During his time in the Navy, Rybak would have never entered a boat without asking for permission - especially on a military ship it carried the risk to be shot. At the present time, however, the meaning of seamanship degenerated more and more, and except on American boats no one was allowed to shoot intruders anyway. And even the Americans couldn’t shoot people just for coming aboard. Thus, Luis had well earned the lush tip, which he received that day.

Drinking the juice of a fresh coconut, this day’s surprise that Luis had included with the breakfast, Alexander Rybak was noticeably less horrified than an hour before, when he had heard on the radio that Nischnjaja Tura was cooler than indicated on the previous day. Forty-nine years ago he had left his home country with a mission, a mission he had always hoped not to have to carry out. But now he had heard it, twice already, that his mission was commanded, and he had to act.

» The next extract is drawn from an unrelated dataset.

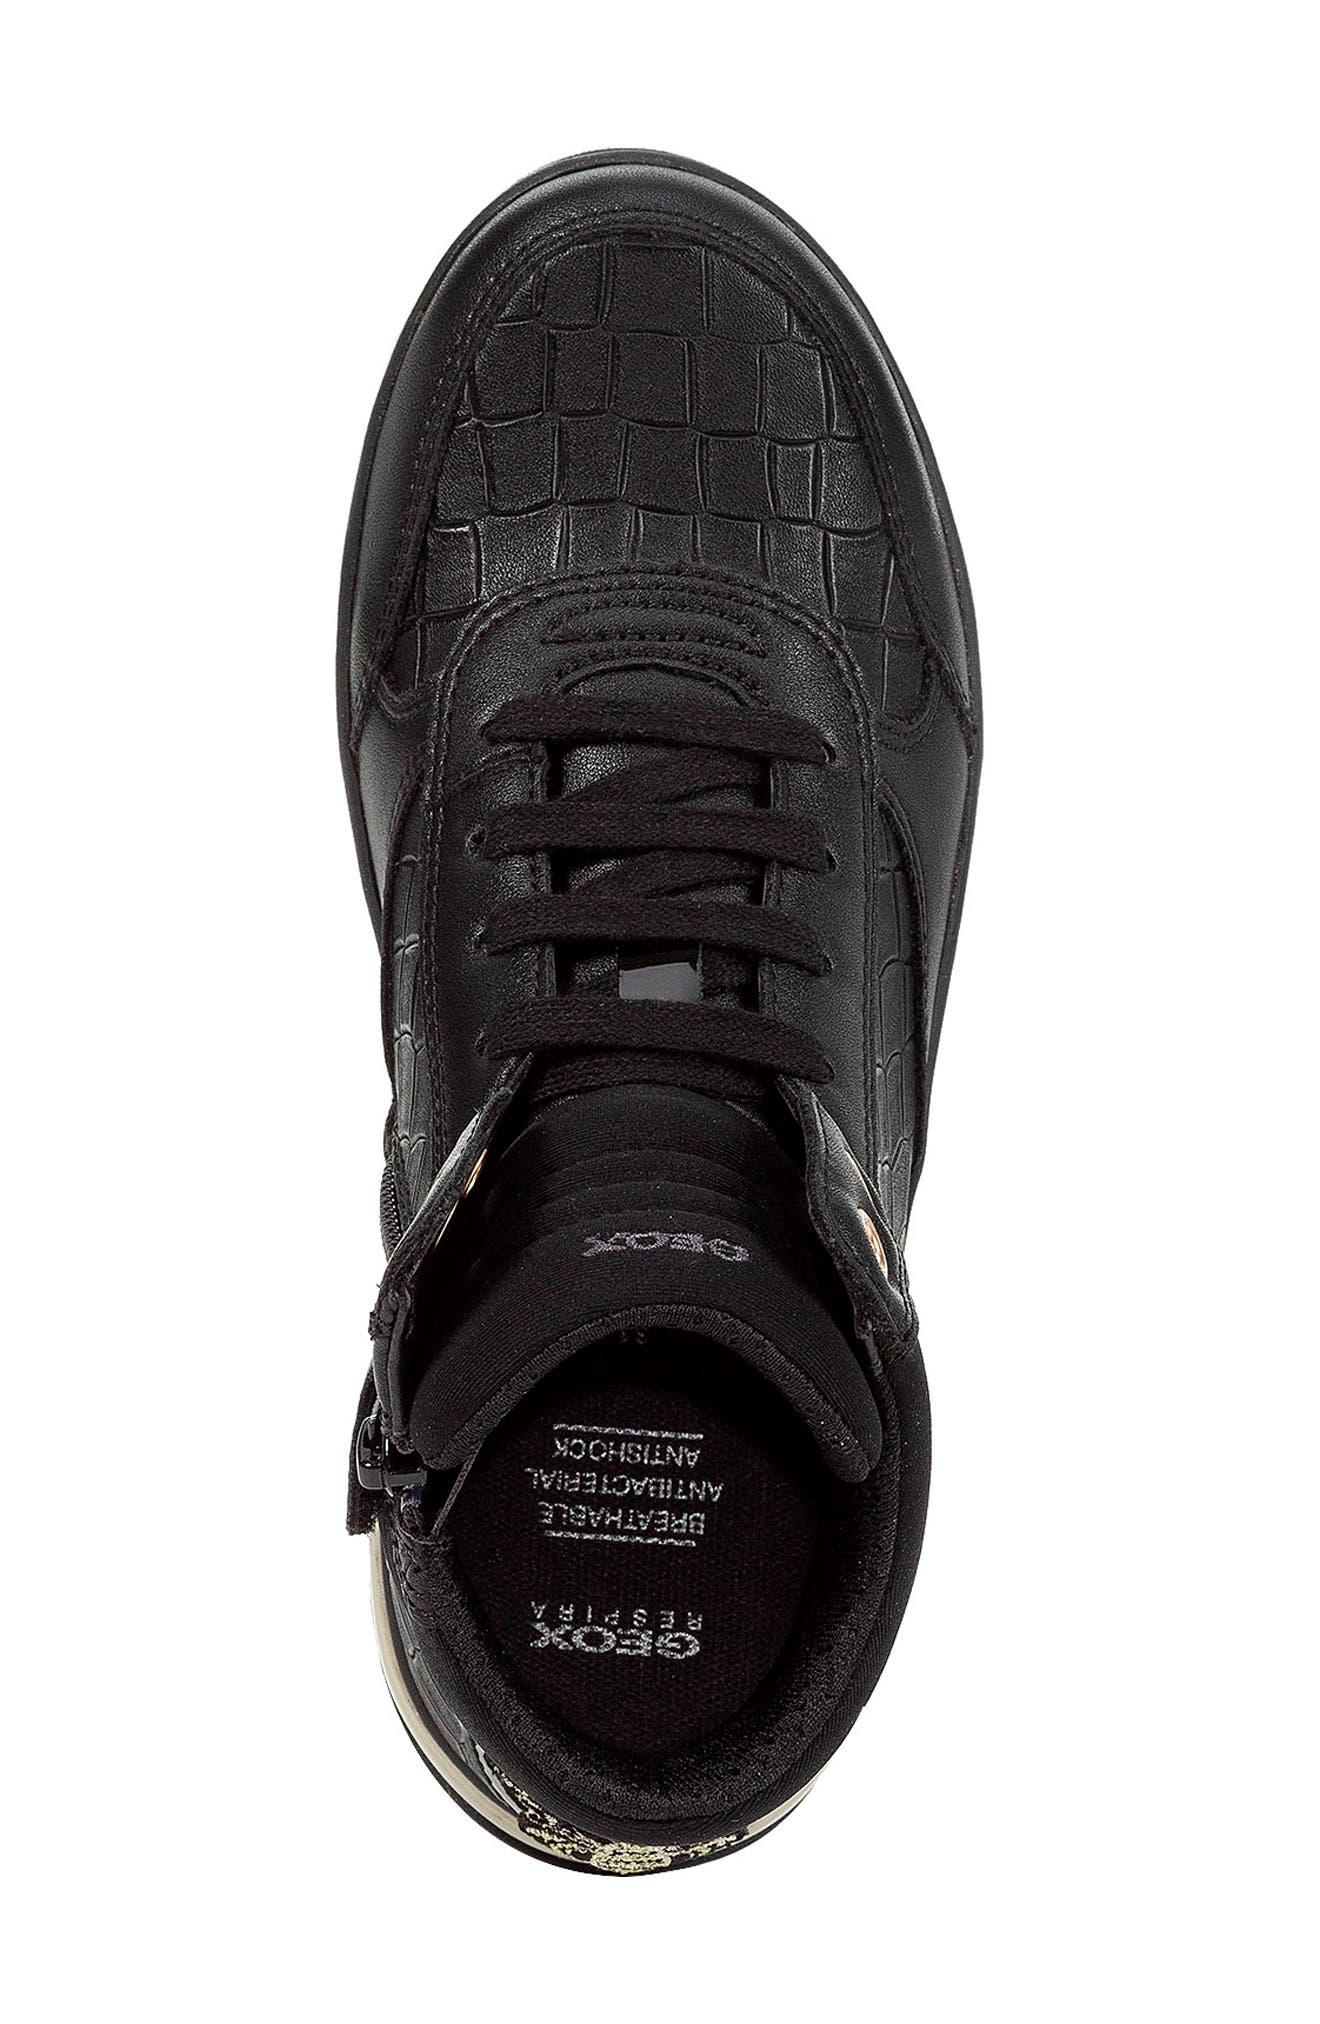 Aveup High Top Sneaker,                             Alternate thumbnail 5, color,                             BLACK

Or at least, he thought, he had to decide how he should act. Refusal did not actually come to his mind. But to carry out this mission , some things had to be done. He had plenty of time, more than half a year. Thus, he saw no reason to hurry. Rather, he saw a good reason for another glass of rum – his liver would surely make it until fall.

One hour later, the sun had almost heated the air to the usual thirty degrees of the day, Rybak felt ready to follow protocol. He went back down into the ships’ salon and knelt down on the floor. He flipped up a floorboard in front of him and saw the old safe. The synthetic resin used in 1963 by the best shipbuilders of his country to laminate the steel safe to the hull of the aluminum boat was solid as concrete. In order to steal the safe you would need a jackhammer, and you would likely rather sink the boat than get it out.

The vault door, however, was not constructed by the best engineers in his country. Or at least not the best metal casters, because the rotating device for adjusting the combination stuck the largest part of the last twenty years. The inner wheels seemed to be made of better material, but it was no pleasure to open the safe. Though, there was a solution for this problem, as was the solution for many problems on a boat with metal parts in salt water: multifunctional lubricating oil.

Rybak sprayed an unreasonably large amount of the chemical on the lock and took off the gold chain he always wore around his neck. Attached to the chain was a steel key, worn smooth by forty-nine years of friction on Rybak's skin. But it still fit into the lock, as if it were new.

A few minutes later, after the oil had done its job and everything seemed to run smoothly again, Rybak turned the combination lock a few times around, until it was not stuck at any point anymore. Then he dialed the first number: three turns clockwise to 09. Two turns counterclockwise to 05. One clockwise to 63.